══ Data below
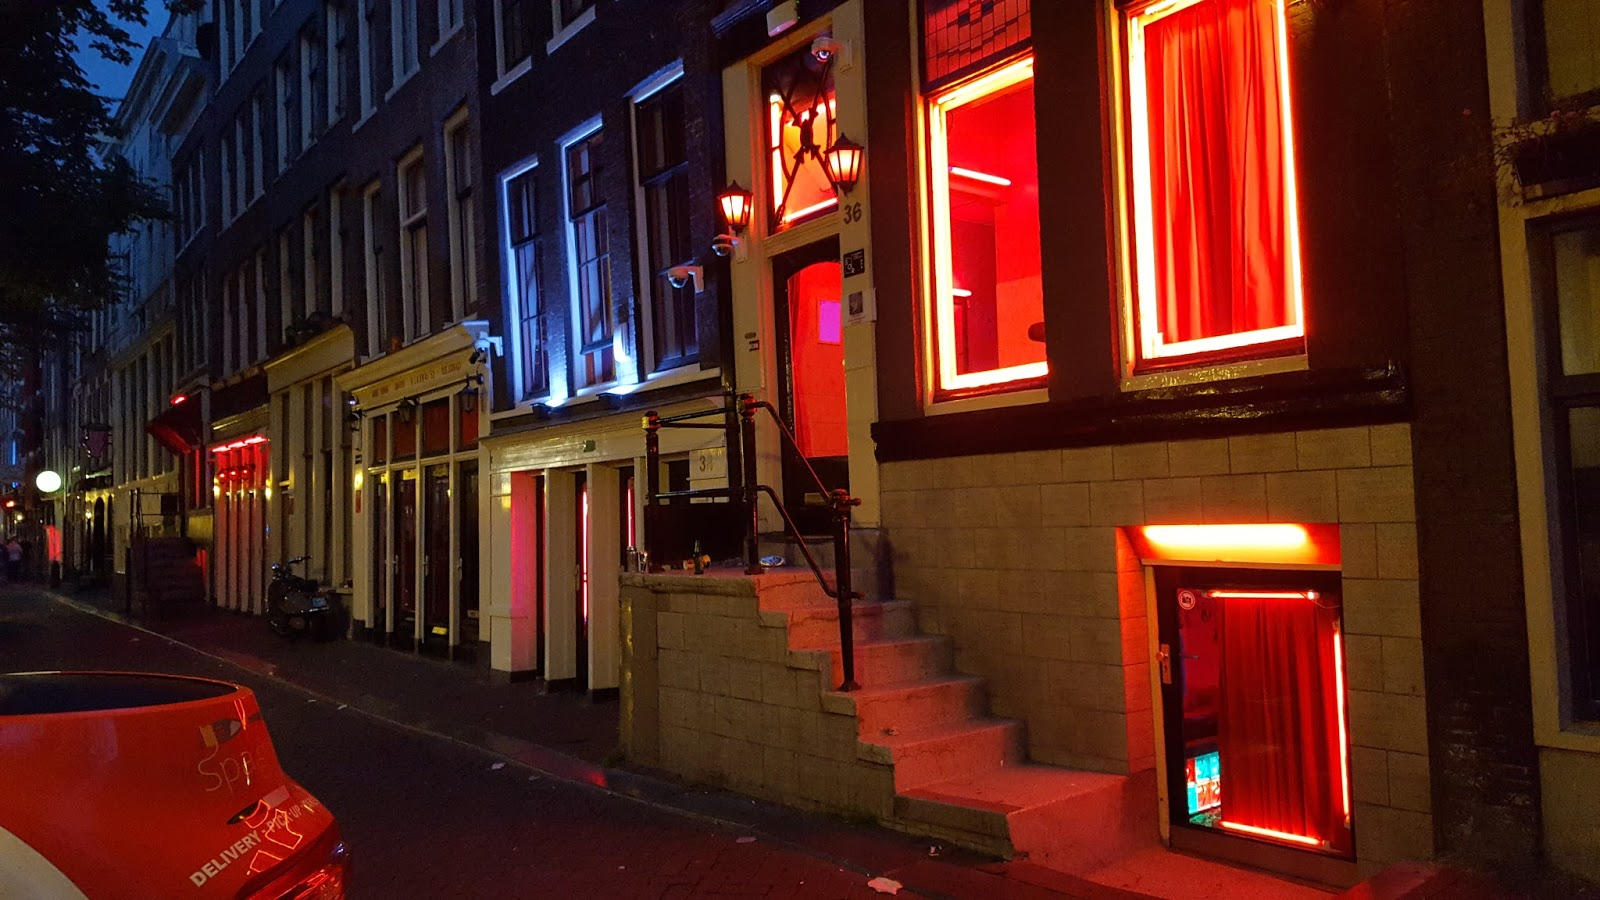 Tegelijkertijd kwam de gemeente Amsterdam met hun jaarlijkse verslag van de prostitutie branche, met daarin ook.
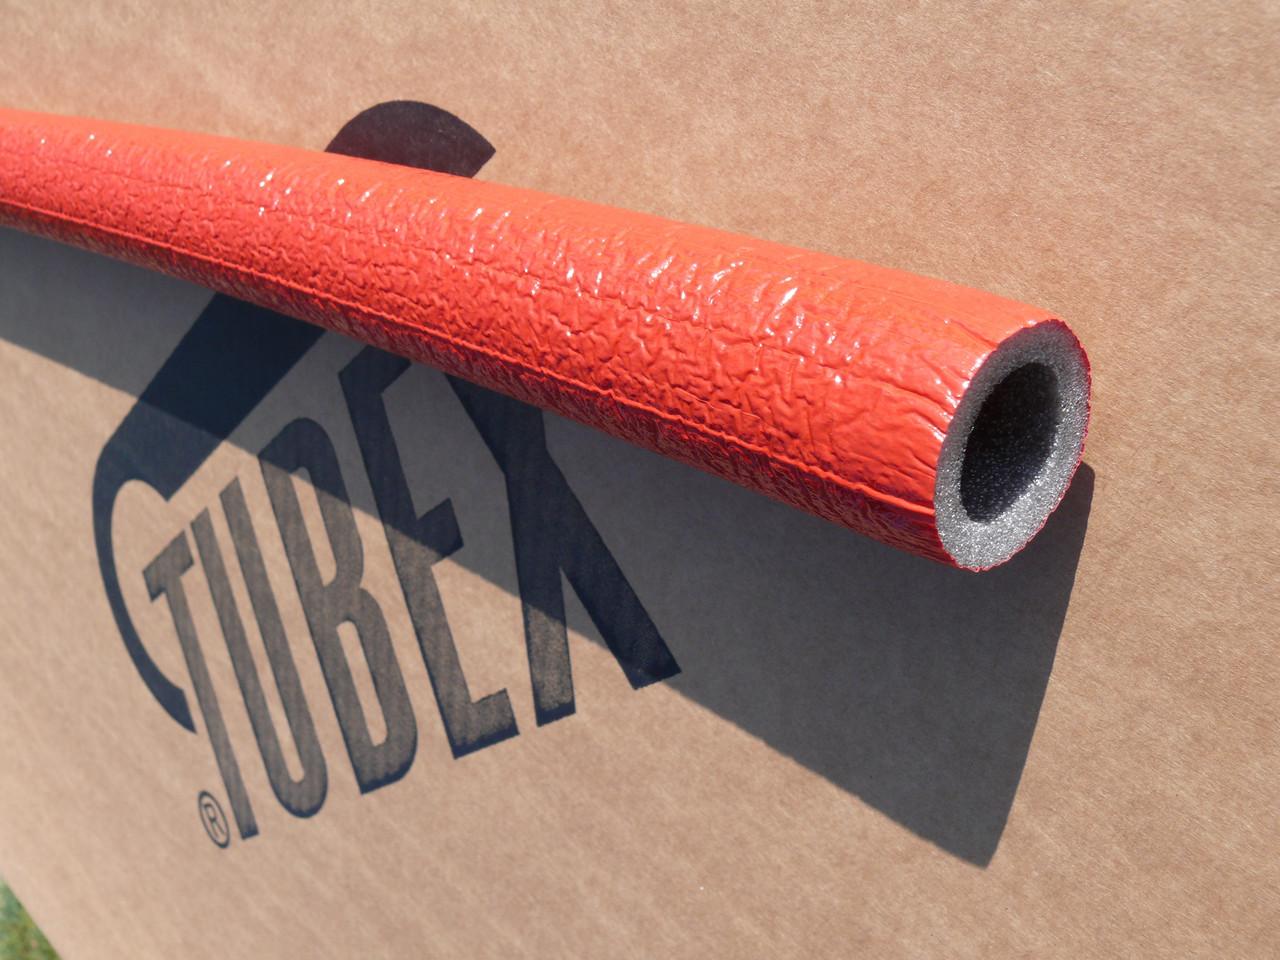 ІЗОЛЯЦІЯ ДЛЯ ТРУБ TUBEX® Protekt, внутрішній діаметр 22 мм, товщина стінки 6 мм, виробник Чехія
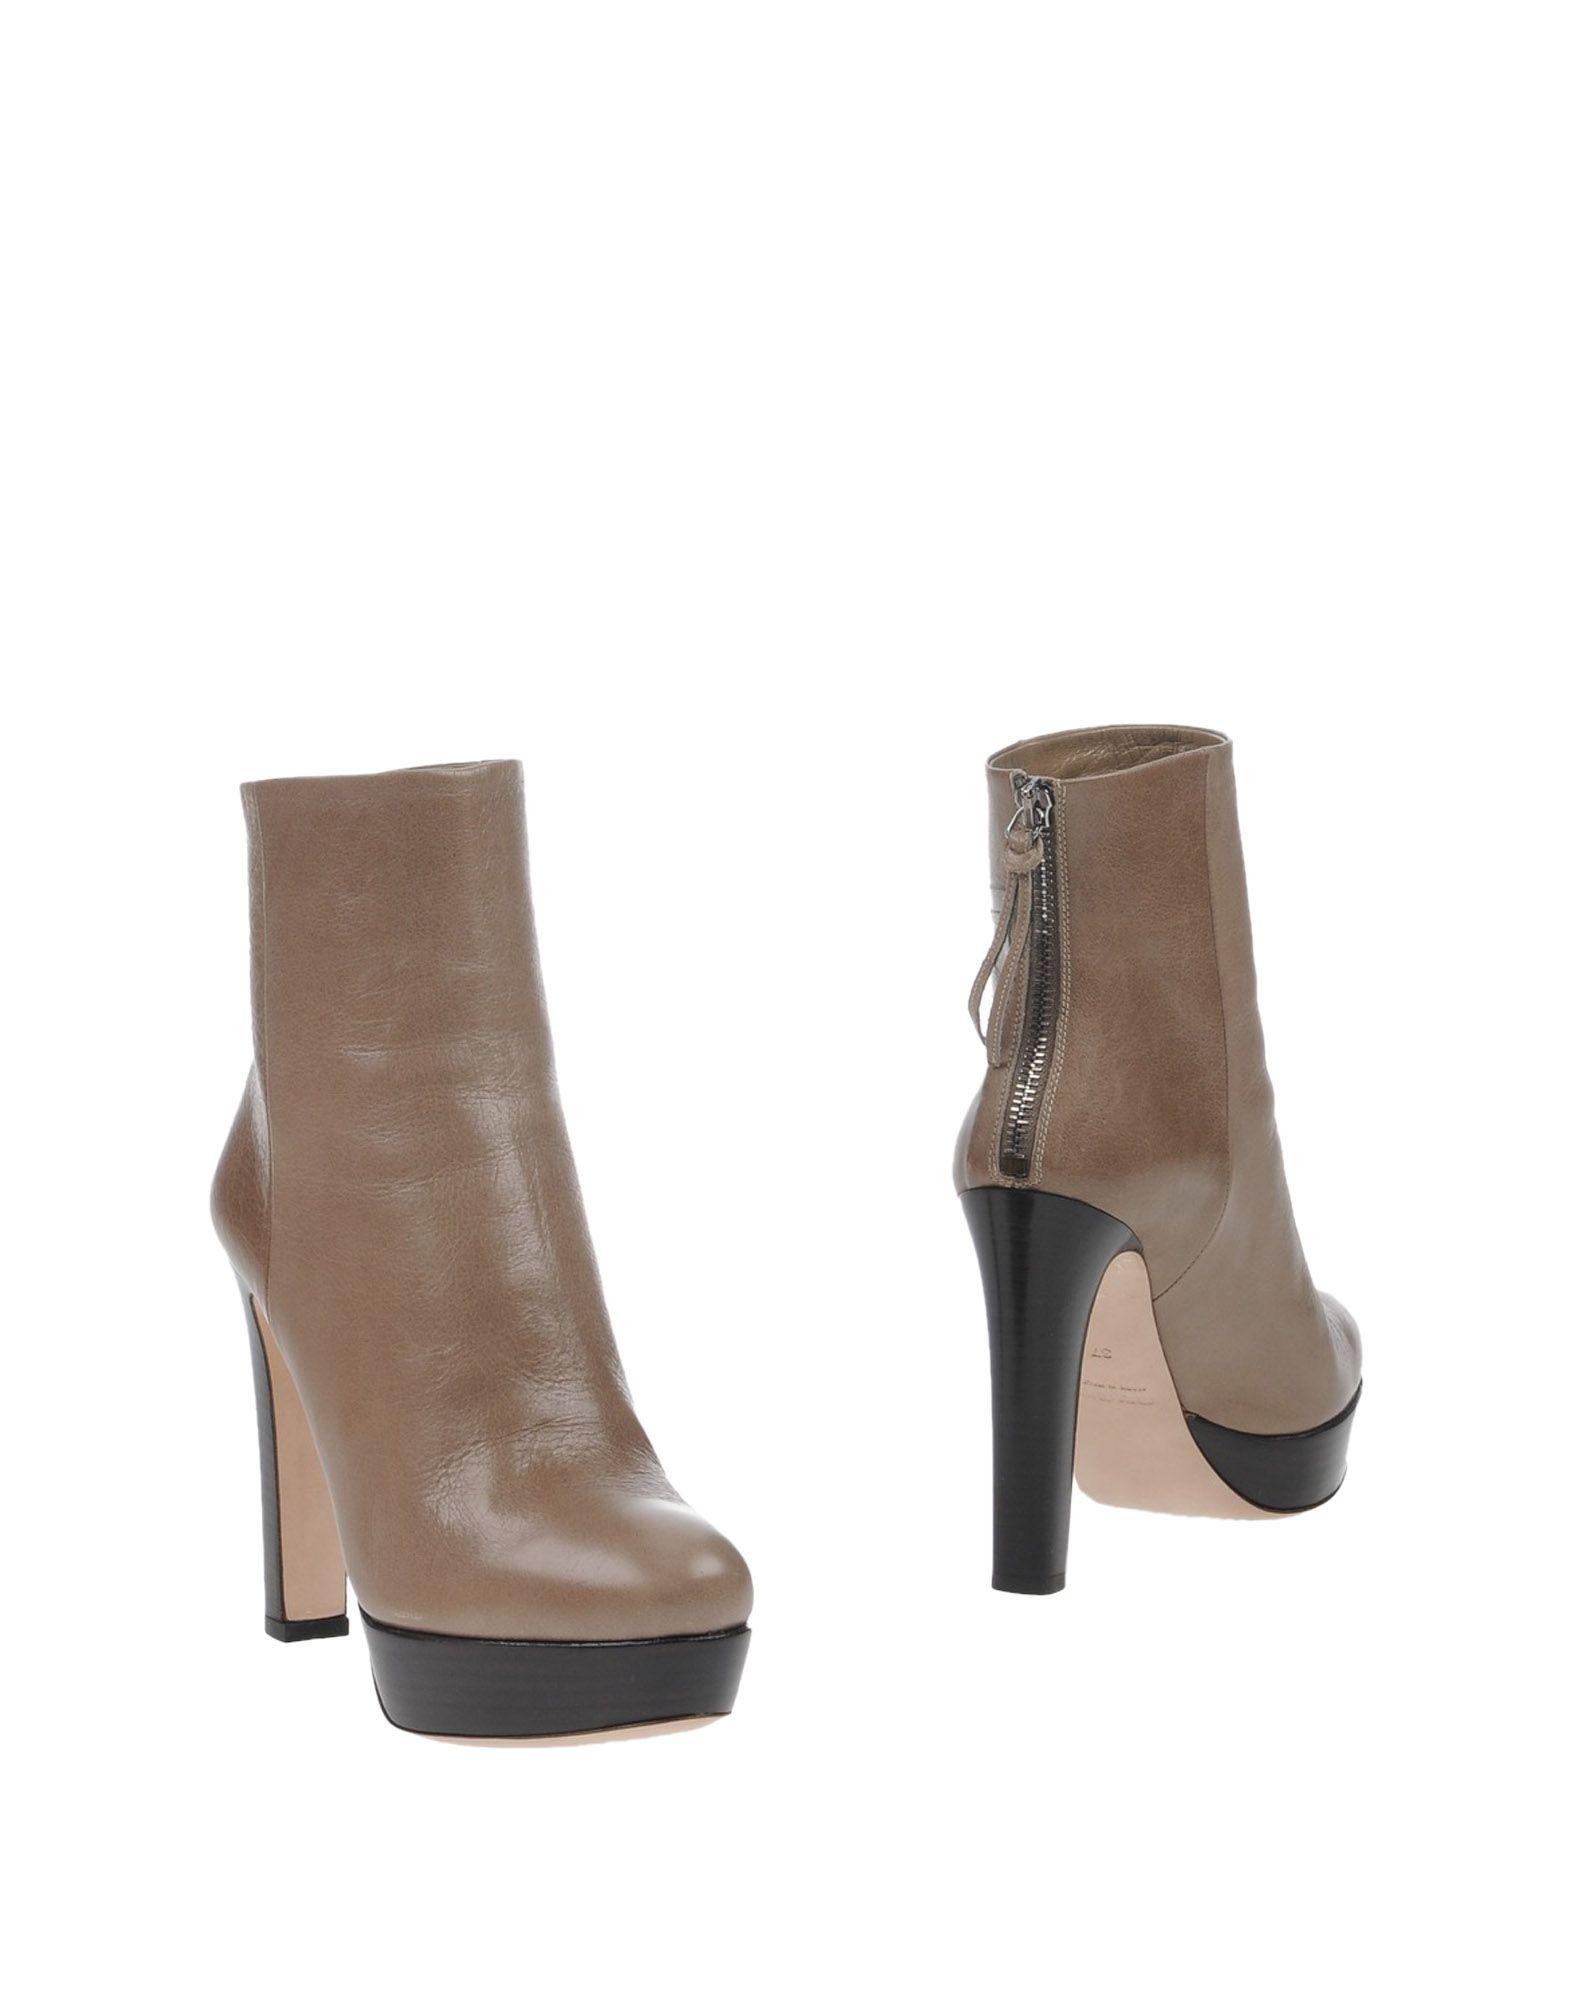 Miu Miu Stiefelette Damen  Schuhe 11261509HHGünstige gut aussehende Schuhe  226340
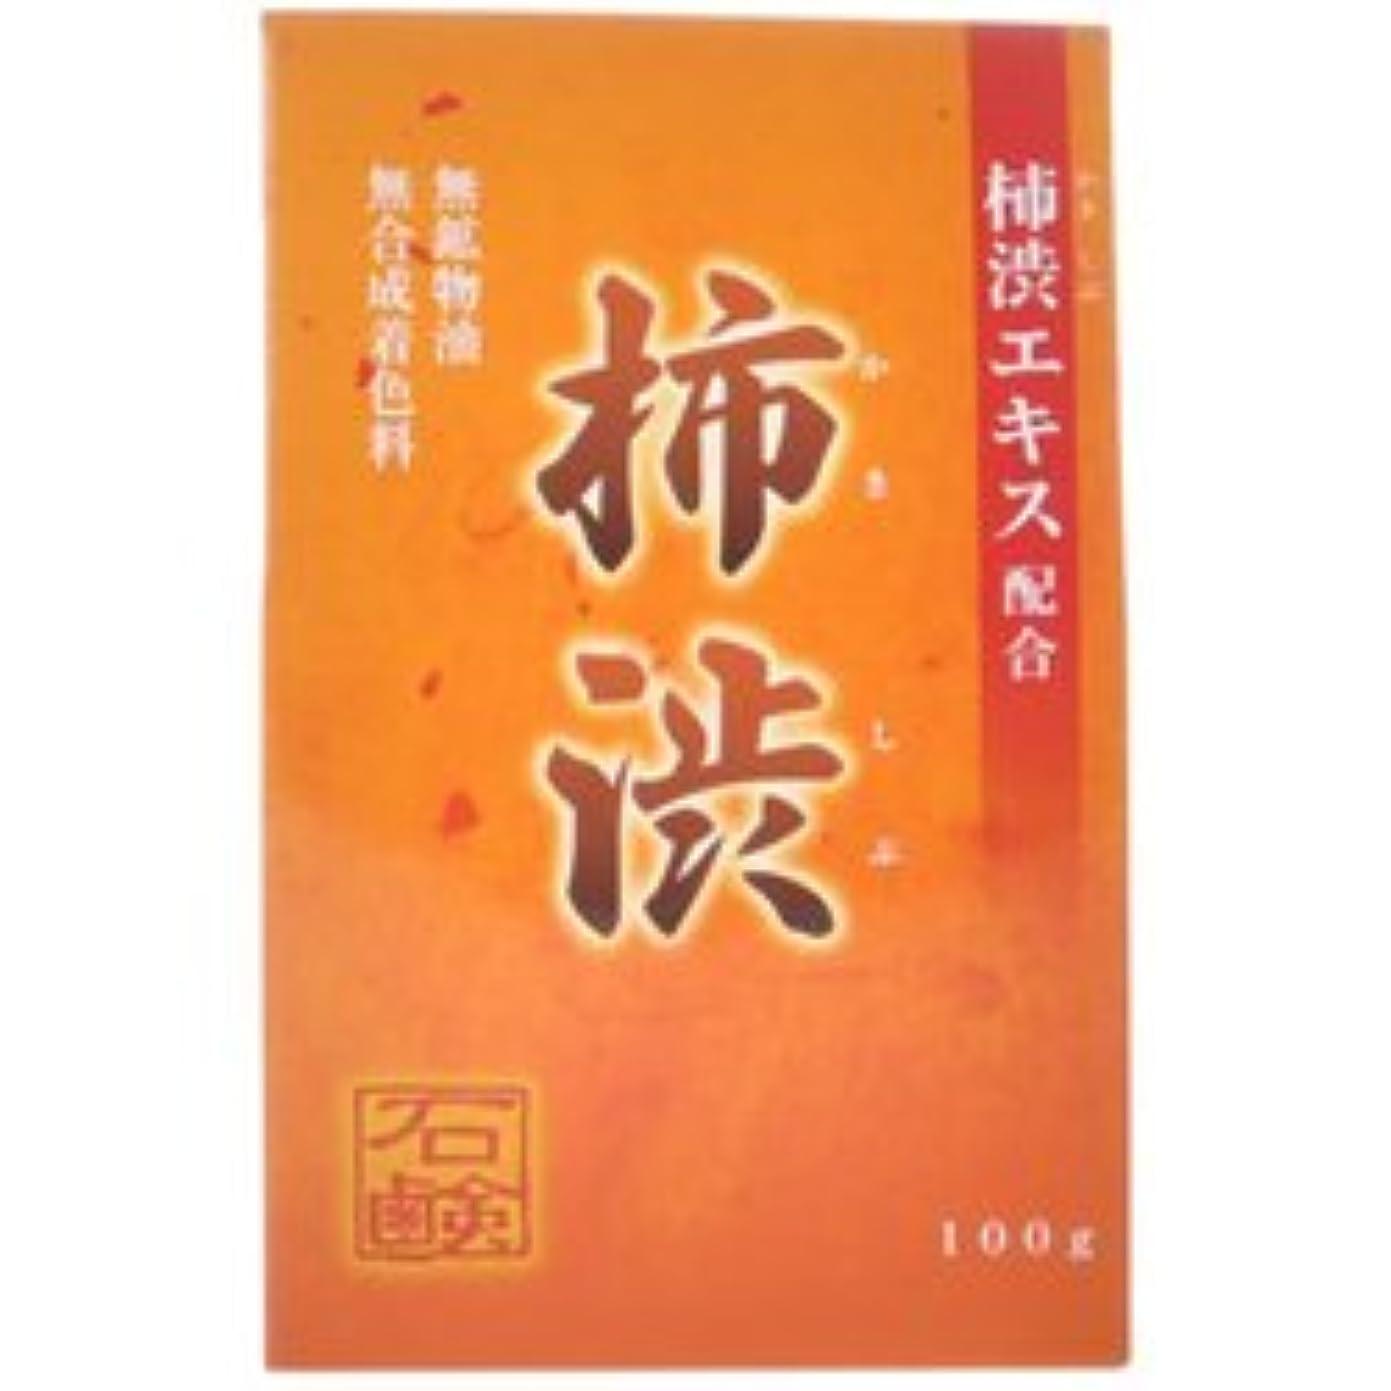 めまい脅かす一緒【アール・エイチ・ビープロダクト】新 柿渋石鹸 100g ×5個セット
════
In your answer, give every line of the listing above exactly, and do not include the images.

[Answer section]:
 Tegelijkertijd kwam de gemeente Amsterdam met hun jaarlijkse verslag van de prostitutie branche, met daarin ook.
 ІЗОЛЯЦІЯ ДЛЯ ТРУБ TUBEX® Protekt, внутрішній діаметр 22 мм, товщина стінки 6 мм, виробник Чехія
 Miu Miu Stiefelette Damen  Schuhe 11261509HHGünstige gut aussehende Schuhe  226340
 めまい脅かす一緒【アール・エイチ・ビープロダクト】新 柿渋石鹸 100g ×5個セット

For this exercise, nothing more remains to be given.